È a questo punto che Montanelli, nella sua risposta al nostro intervento, ha
"recitato il mea culpa dell'Occidente": "Vede, non mi illudo. Non credo che
l'Occidente sia buono e debba educare gli africani cattivi". E lanciava la
sua sfida: "Ma da voi, che siete competenti, onesti e appassionati, mi
aspetto di piu'. Avete denunciato, e avete fatto bene. Ora proponete".

Ma la nostra missiva, partita a stretto giro di posta (elettronica), il
Direttore (o il suo staff di collaboratori) non l'ha ancora considerata
degna di pubblicazione.
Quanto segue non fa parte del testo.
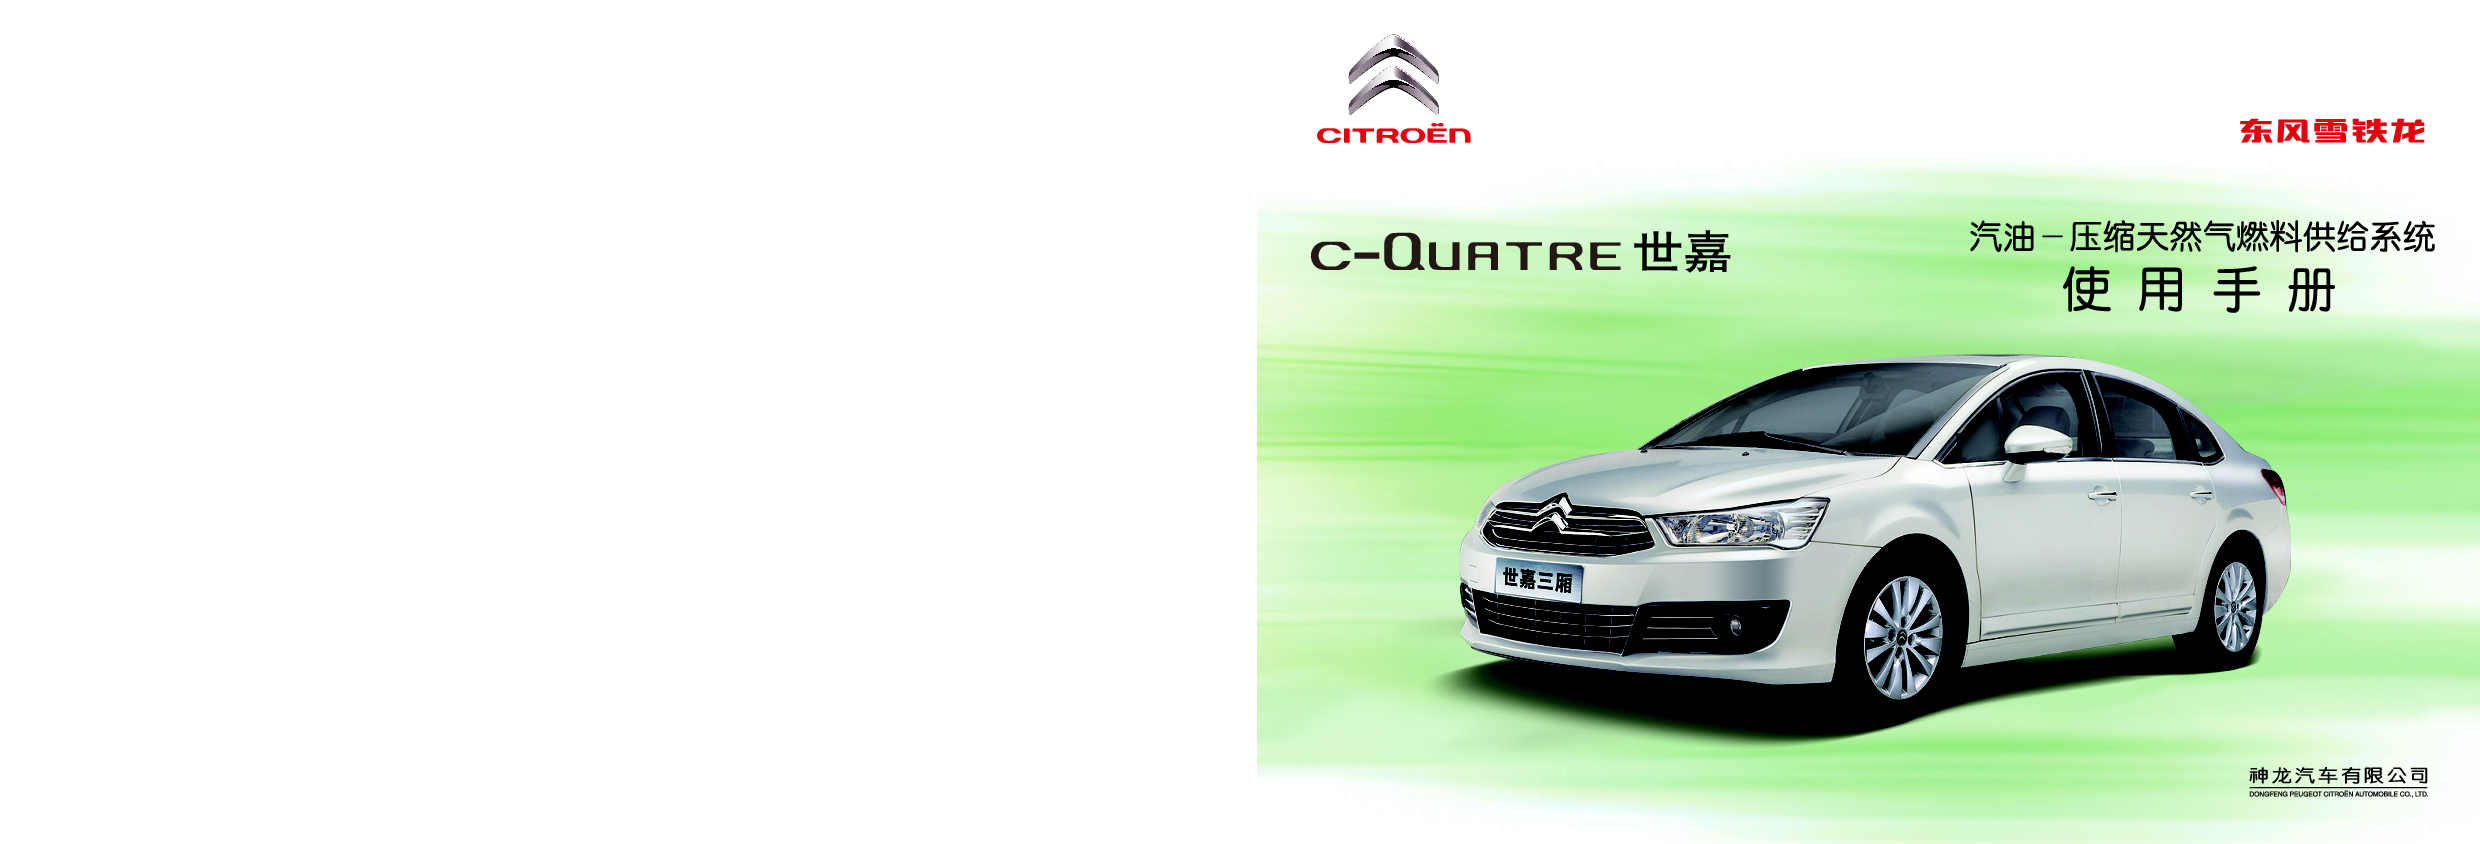 雪铁龙 Citroen C-QUATRE 世嘉混合 2013 用户手册 封面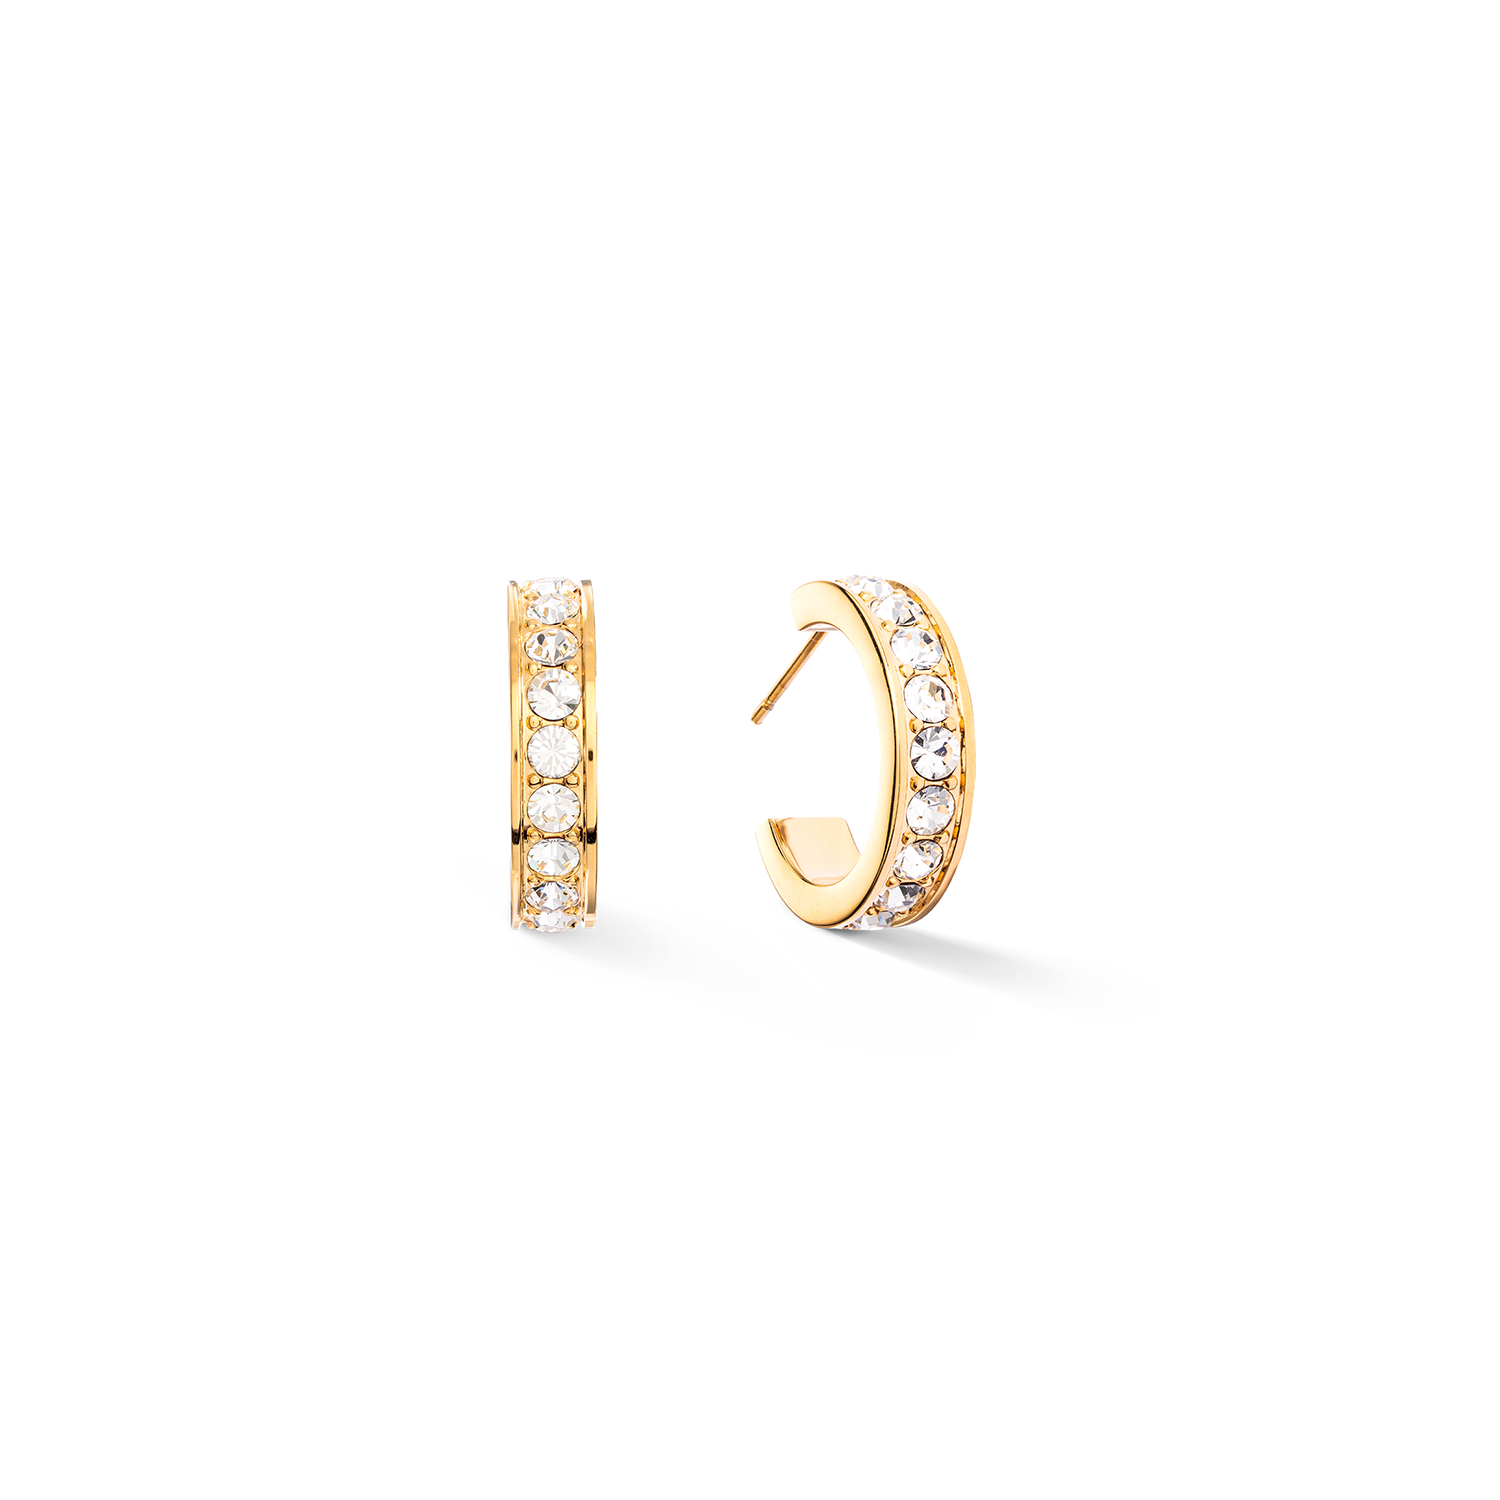 Hoop Wide Gold & Crystal Pavé Earrings 0131/21_1816

Eppure proprio lui aveva chiesto il dibattito. La
giriamo allora, integralmente, ai nostri lettori.


Caro Montanelli,

grazie per lo spazio che ci ha concesso e per la sua risposta "aperta", che
conclude con un "ora proponete". Non è sfida da poco e le diciamo subito
che, ovviamente, di ricette non ne abbiamo per "salvare l'Africa con l'
Africa". Questo non significa di certo che deve arrangiarsi da sola, ma che
solo gli africani potranno trovare soluzioni per l'Africa. Soluzioni che
pero', nell'odierno contesto della globalizzazione, non possono prescindere
dall'interdipendenza Nord/Sud.

E qui occorrerebbe entrare nel merito. I mali dell'Africa sono di diverso
ordine (fame - ma ci sono la carestia e c'è la sottoalimentazione; conflitti
locali; guerre vere e proprie; urbanizzazione galoppante...) tra loro spesso
concatenati ma per i quali andrebbero formulate "proposte" specifiche. Uno
di questi è il cosiddetto sottosviluppo. "Allora chiediamoci: che cos'è lo
sviluppo?", provoca uno come Jean-Marc Ela, prete, teologo e sociologo che a
Nigrizia consideriamo uno degli africani piu' capaci di fare analisi e
fornire piste di risposta (le segnalo il suo ultimo libro: Innovations
sociales et renaissance de l'Afrique noire, L'Harmattan, Paris, 1998. Non
avra' tempo di leggerlo ma le garantisco che li' troverebbe molti buoni
spunti). "Bisogna partire da qui - continua Ela -, altrimenti ogni strategia
di sviluppo sara' votata al fallimento. E purtroppo è cio' che è accaduto in
Africa. Non si è tenuto conto di cio' che il contadino e il cittadino pensa
quando parla di sviluppo".

È in questo contesto che anche noi (Italia, Europa, Nord del mondo) abbiamo
la nostra parte da fare e, perche' no, delle proposte, in vista di
restituire ossigeno a un continente e di rendergli la chance di farsi il suo
cammino.

La prima sfida ci sembra, quindi, di carattere culturale: dobbiamo imparare
a rileggere la storia dalla parte dei vinti. Potremmo allora capire che
siamo noi ad aver accumulato un debito, ben concreto, verso l'Africa, in
cinquecento anni di schiavismo, colonialismo e neocolonialismo, che in
qualche modo dovremo pur risarcire.

È fondamentale poi governare la globalizzazione economica: quanto danno
faccia all'Africa lo possiamo intuire anche solo dalla constatazione di
quante nuove afriche il "libero mercato" stia creando anche all'interno del
Nord ricco. Il neoliberismo economico va desacralizzato, partendo da
rapporti piu' equi, trasparenti e solidali. Sono solo parole? Eppure non
mancano, oggigiorno, esempi di possibili alternative - piu' che laboratori -
che passano per finanza etica, commercio equo e solidale, stili di vita piu'
sobri e consapevoli, campagne con obiettivi precisi (mine, debito, "banche
armate")... E anche nel Sud del mondo, nella stessa "desolata" Africa, dove
sta nascendo una societa' civile capace di tenere testa a tiranni mai
abbastanza deprecati. Qualche esempio? Il coordinamento degli abitanti delle
bidonville uscito allo scoperto il 1° luglio scorso a Nairobi; i coraggiosi
gruppi per la pace e la difesa dei diritti umani nel Kivu e nel resto del
Congo (ex Zaire); l'Unione generale delle cooperative in Mozambico,
sostanzialmente formata di donne e oggi una delle piu' importanti realta'
economiche del paese; i movimenti per la pace in Sudan... Questa è una
proposta: sostenerli, moralmente, economicamente, "politicamente".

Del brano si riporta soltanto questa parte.